Run Spark jobs on vanilla Hadoop 2.x

https://blueprints.launchpad.net/sahara/+spec/spark-jobs-for-vanilla-hadoop

This specification proposes to add ability to run Spark jobs on cluster running vanilla version of Hadoop 2.x (YARN).

Problem description

Support for running Spark jobs in stand-alone mode exists as well as for CDH but not for vanilla version of Hadoop.

Proposed change

Add a new edp_engine class in the vanilla v2.x plugin that extends the SparkJobEngine. Leverage design and code from blueprint: https://blueprints.launchpad.net/sahara/+spec/spark-jobs-for-cdh-5-3-0

Configure Spark to run on YARN by setting Spark’s configuration file (spark-env.sh) to point to Hadoop’s configuration and deploying that configuration file upon cluster creation.

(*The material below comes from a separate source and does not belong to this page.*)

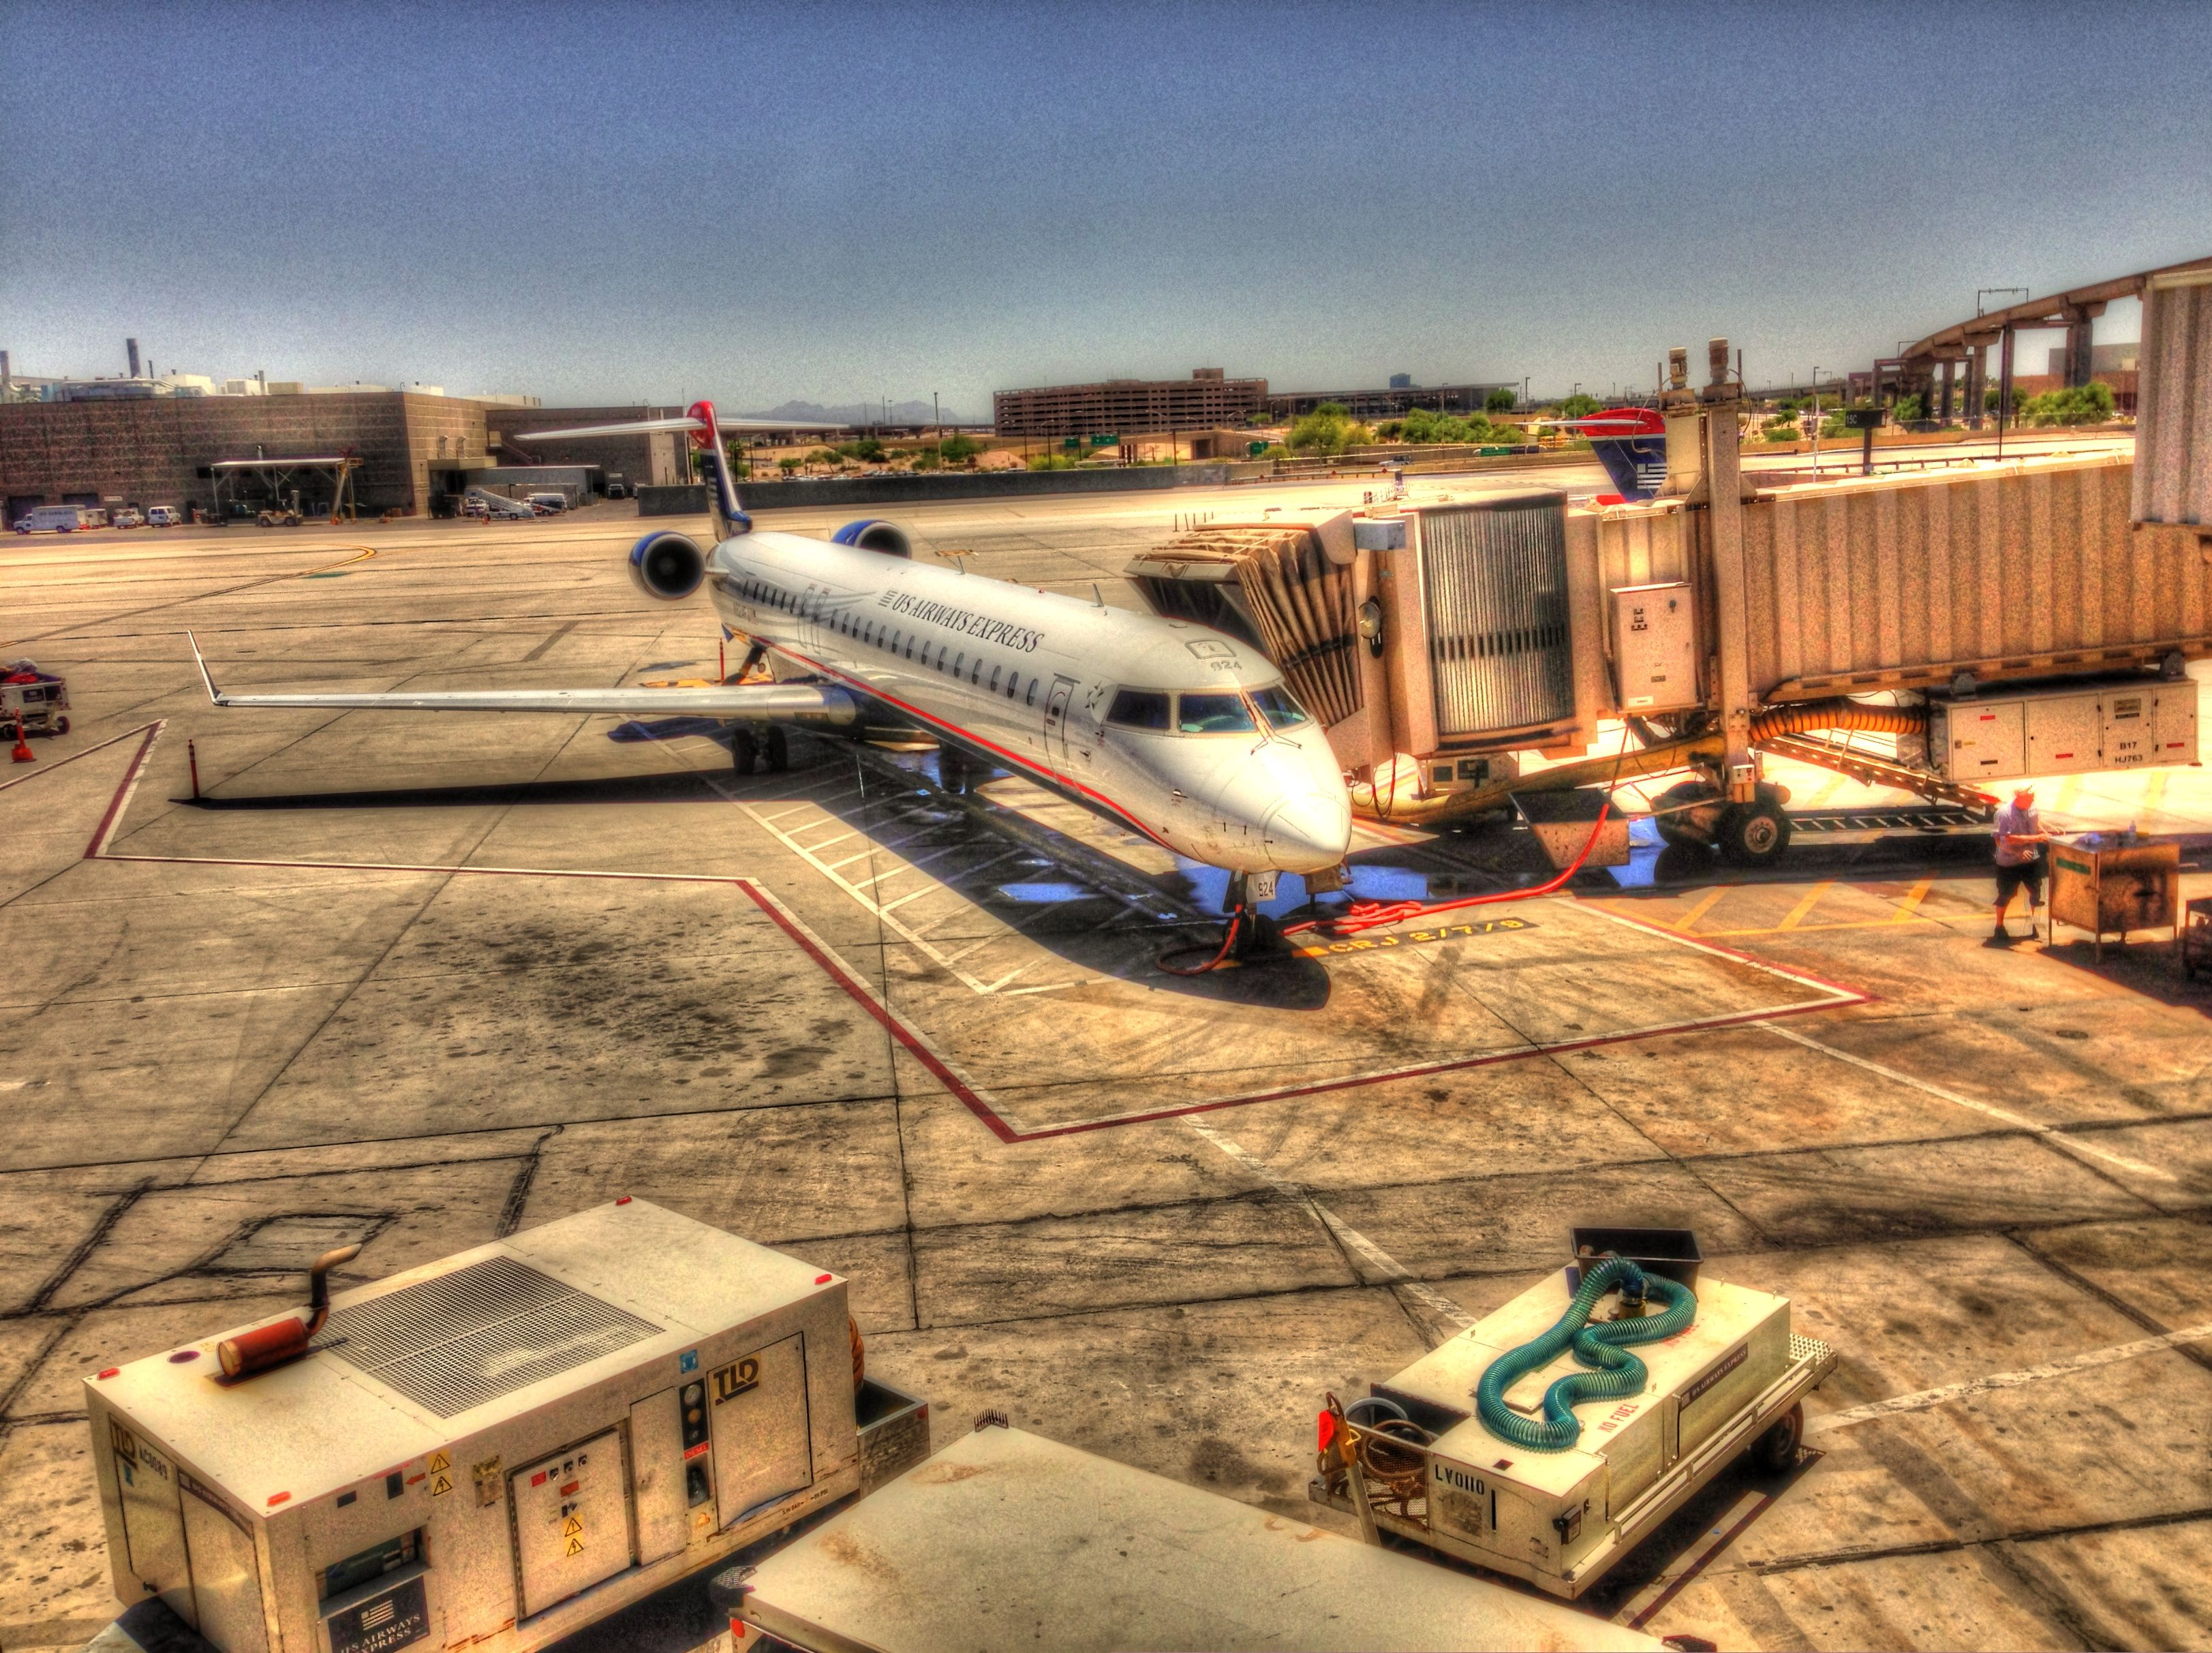 U.S. Airways Canadair CRJ at Phoenix Sky Harbor International Airport.
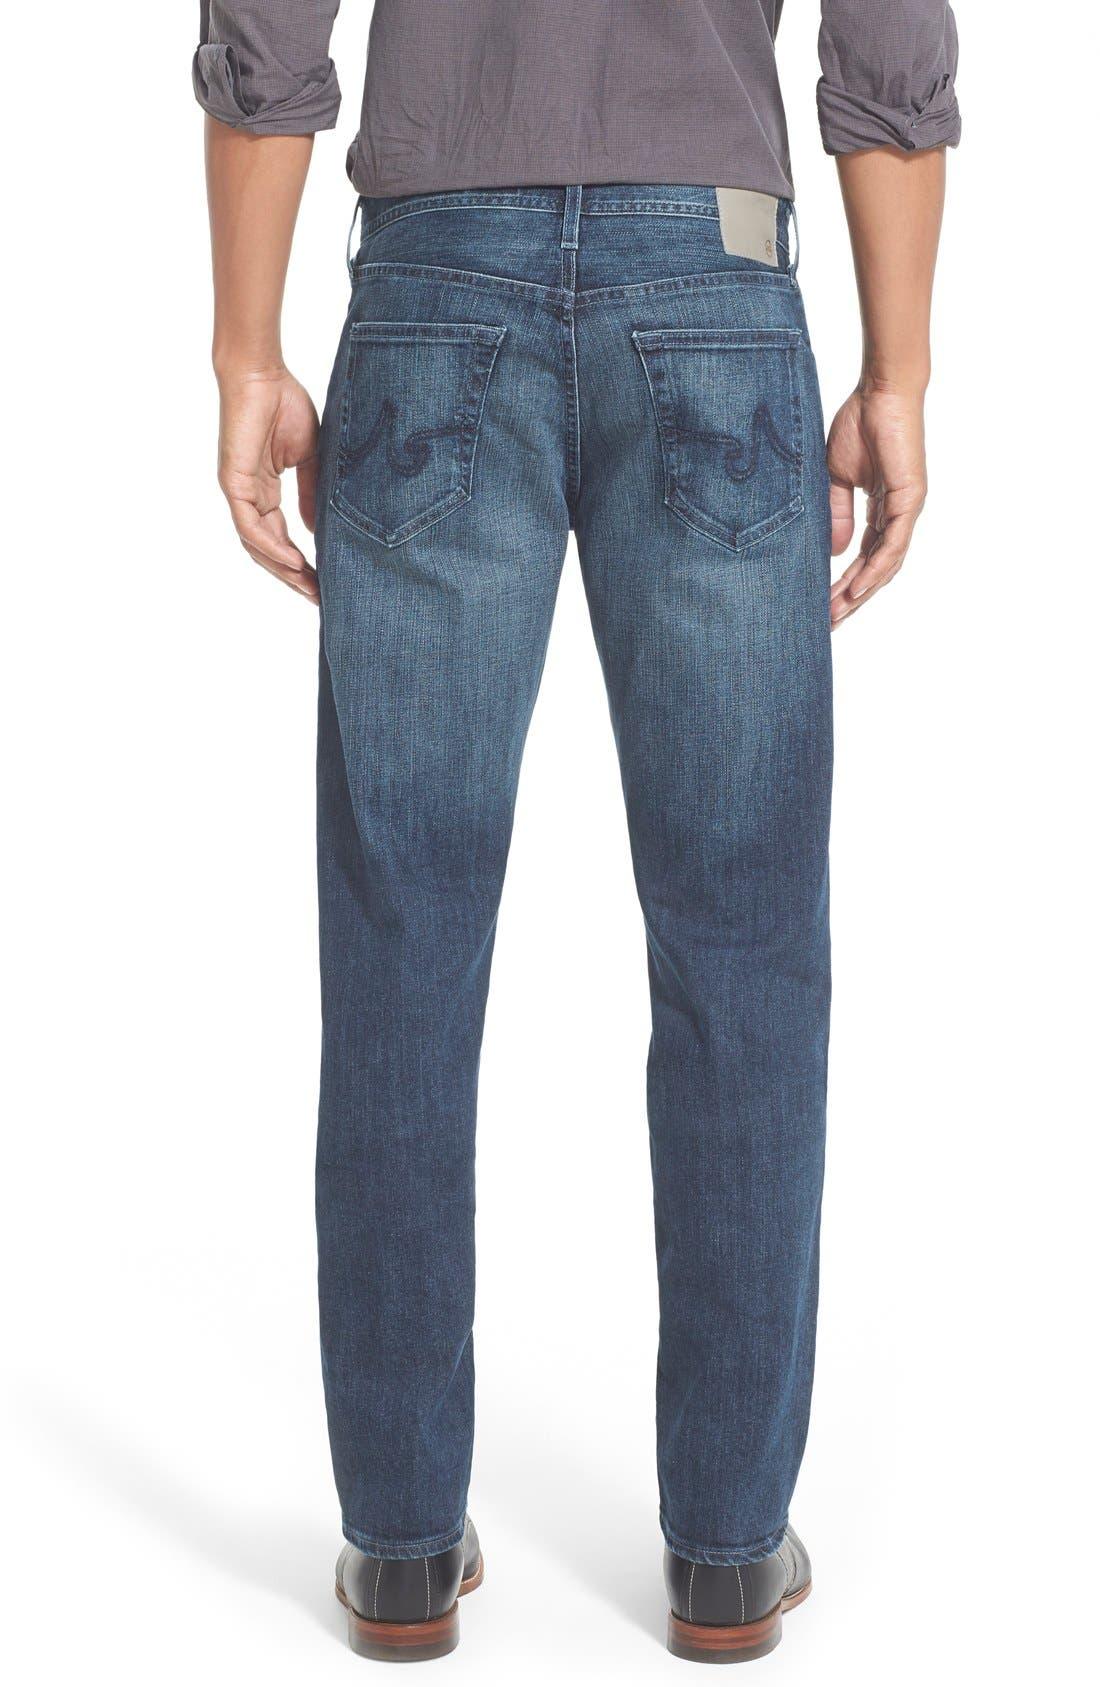 'Graduate' Slim Straight Leg Jeans,                             Alternate thumbnail 2, color,                             Stallow

Extend sahara-image-elements to support creating a vanilla image with Spark binaries (vanilla+spark).

Alternatives

Withouth these changes, the only way to run Spark along with Hadoop MapReduce is to run on a CDH cluster.

Data model impact

None

REST API impact

None

Other end user impact

None

Deployer impact

None

Developer impact

None

Sahara-image-elements impact

Requires changes to sahara-image-elements to support building a vanilla 2.x image with Spark binaries. New image type can be vanilla+spark. Spark version can be fixed at Spark 1.3.1.

Sahara-dashboard / Horizon impact

None

Implementation

Assignee(s)

Primary assignee:

None

Work Items

New edp class for vanilla 2.x plugin. sahara-image-elements vanilla+spark extension. Unit test

Dependencies

Leveraging blueprint: https://blueprints.launchpad.net/sahara/+spec/spark-jobs-for-cdh-5-3-0

Testing

Unit tests to cover vanilla engine working with Spark.

Documentation Impact

None

References

None